There are several debt solutions available to those who have fallen into debt, but finding the right one for you can be confusing - particularly at a time when you may feel vulnerable and stressed, and have probably had enough of dealing with paperwork and mounting debt.

Debt is a massive problem in the UK. Millions of Brits are laden down with personal debt from their credit cards, loans and bank overdrafts.

If your debts begin to add up and become unmanageable, you can soon find yourself in a very difficult situation - where creditors are sending you worrying letters and the monthly interest added to your debt offsets the level of repayment you can afford.

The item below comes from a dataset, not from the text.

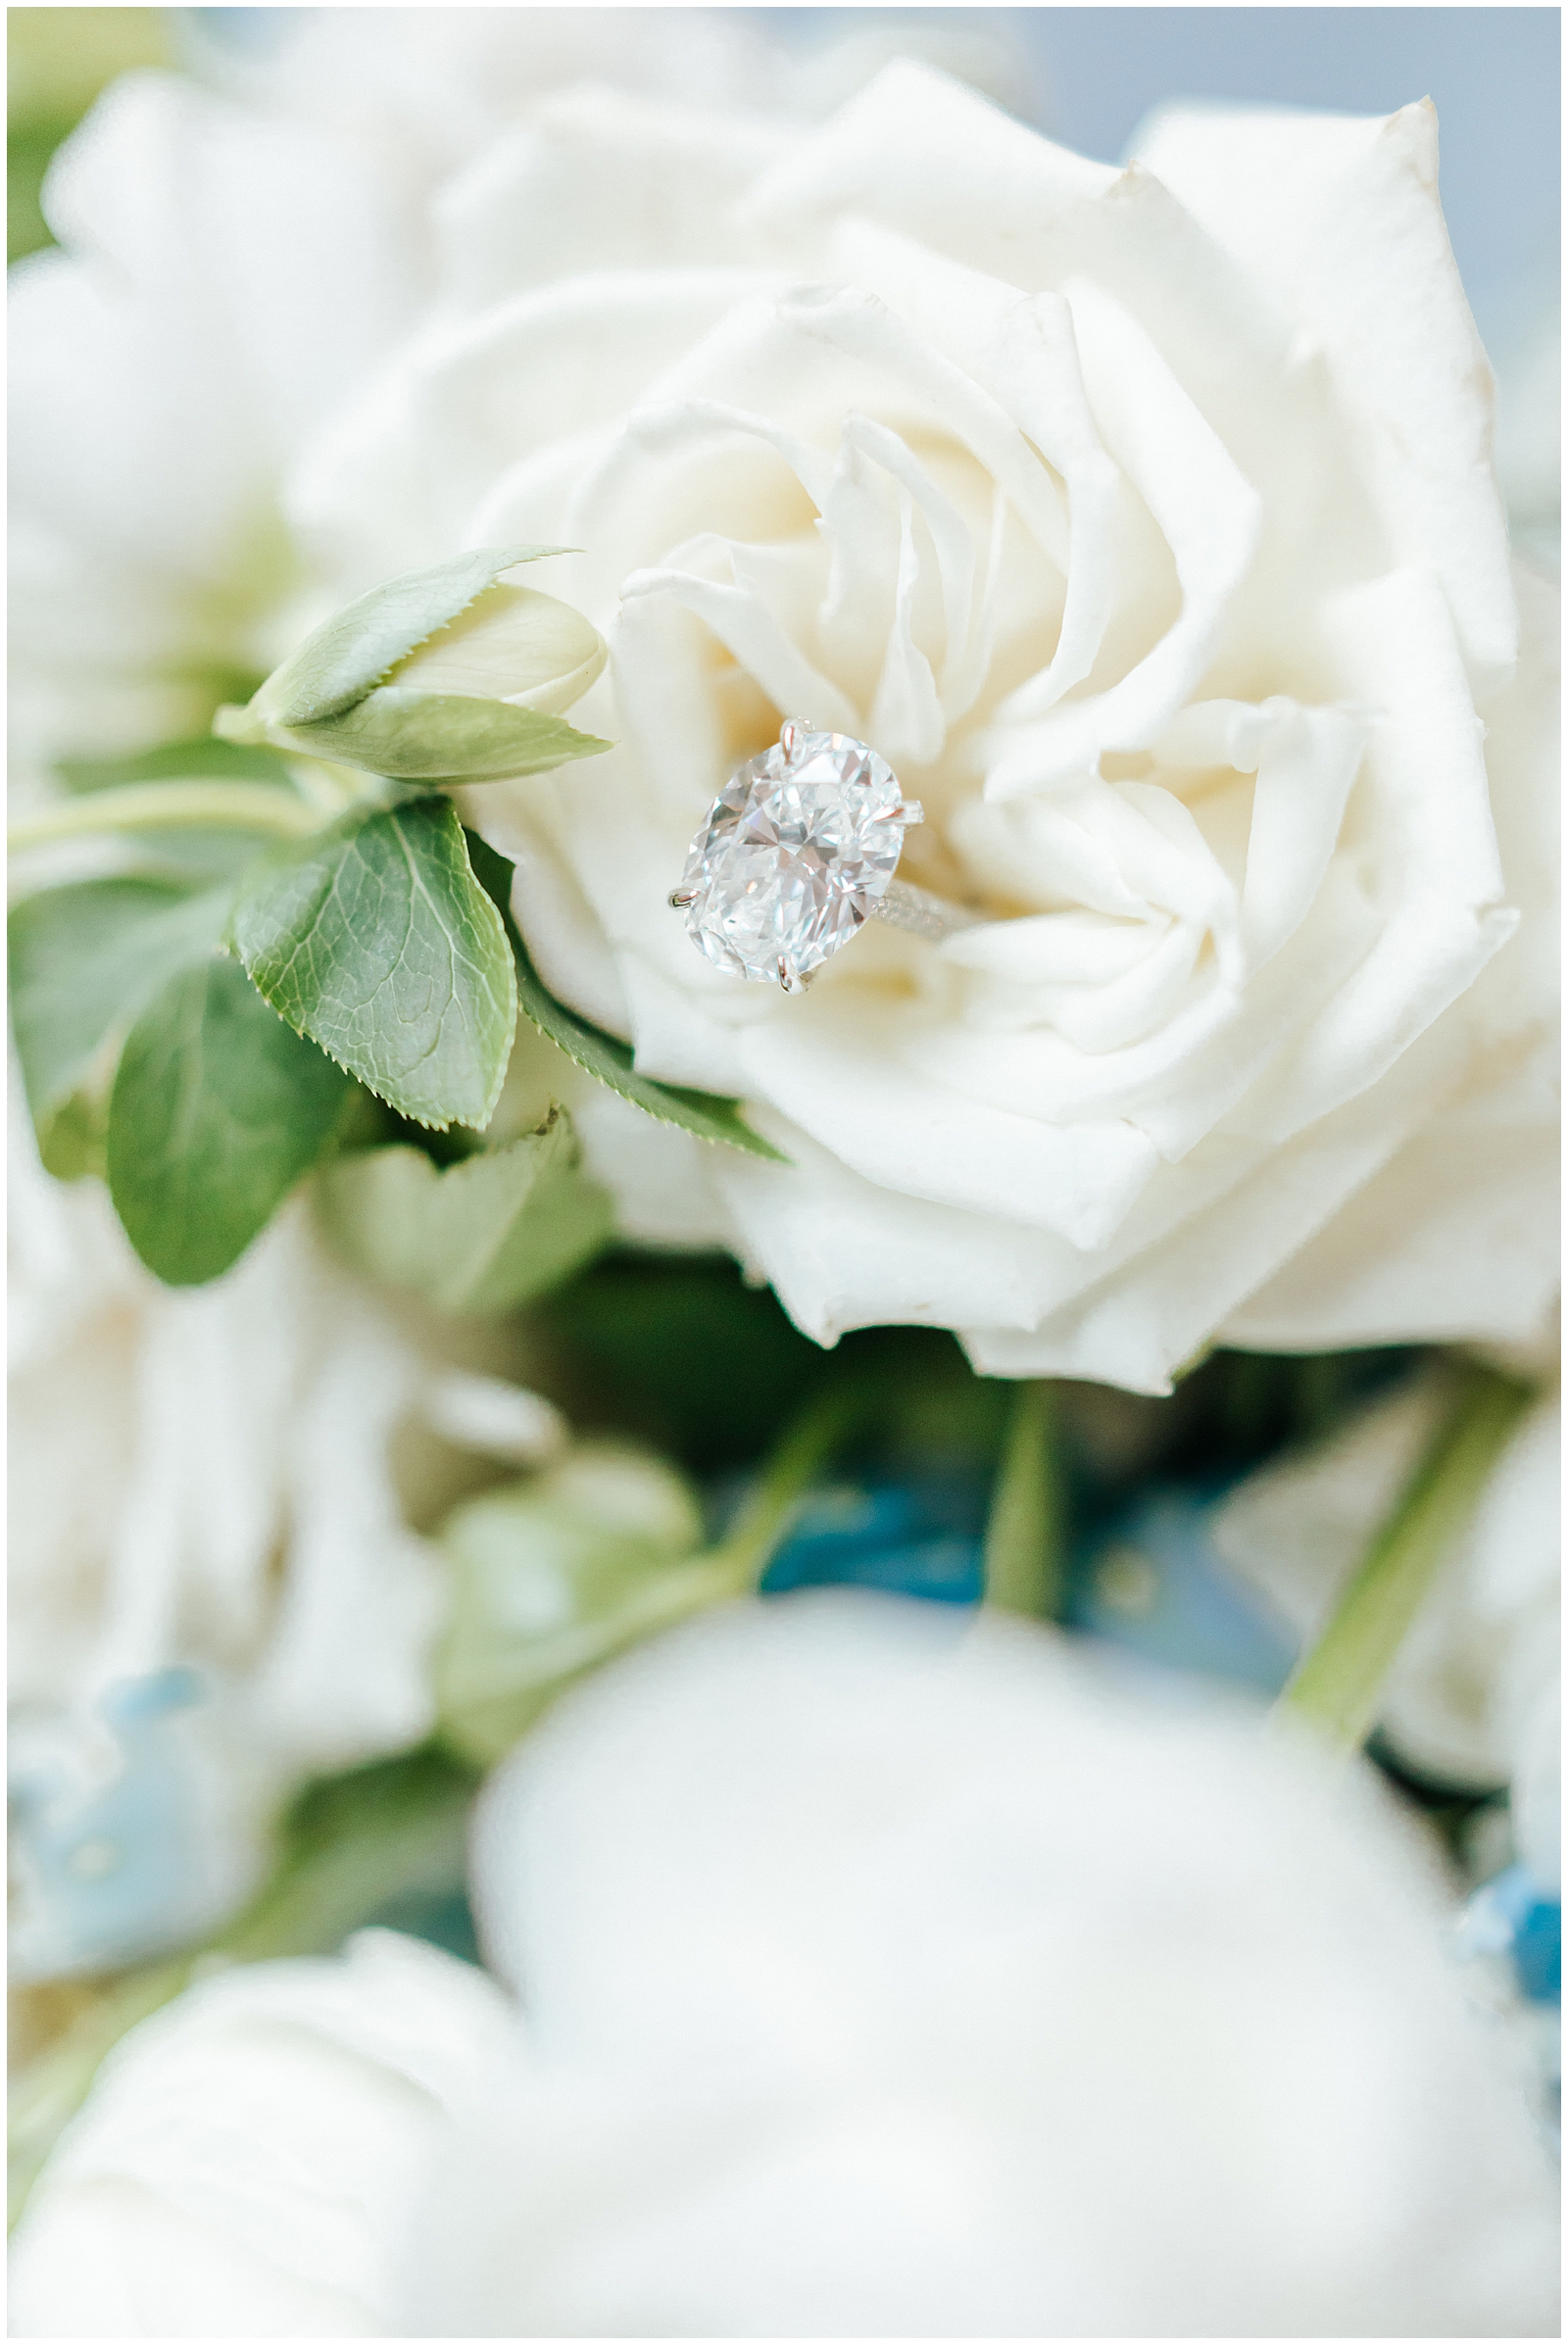 10 carat engagement ring macro photo in white rose

If you're struggling with unmanageable debts, you may be eligible for one of several options - debt management, for example, or an IVA (Individual Voluntary Arrangement).

Below, we offer a simple introduction to one of these debt solutions: an IVA.

An Individual Voluntary Arrangement (IVA) is a legal contract between a borrower and their unsecured creditors.

To qualify for an IVA you will need to be struggling with unmanageable debts - that you don't think you'll be able to repay within a reasonable period of time. You'll also have to be able to commit to making regular reduced payments towards the debt.

If you enter an IVA…

An Insolvency Practitioner (IP) - the person 'in charge' of your agreement - will work out what you can afford to pay back each month and put this to your creditors in your 'IVA proposal'. It's important to note that in order for an IVA to begin, 75% of your voting creditors (by debt value) will need to agree to the terms.

If enough of your creditors agree, the interest on your debt is usually frozen.

If you're a homeowner, you may be required to release equity in your home during the final year of the agreement. What's more, because you're entering an insolvency procedure, your credit rating will be affected - which could make it harder and/or more expensive to obtain further credit for six years.

Another thing to bear in mind is that if you fail to make your IVA repayments (or do not follow the terms of the agreement) your existing creditors can, if they deem necessary, petition for your bankruptcy. However, if you're unable to make your repayments because your circumstances have changed slightly, you may be eligible for an IVA variation (a change in the terms of the agreement that will allow you to continue making payments towards your debts).

If you can stick to your agreement, though, and your IVA draws to a successful close (usually after five years), the unsecured debt you couldn’t afford to repay will be written off.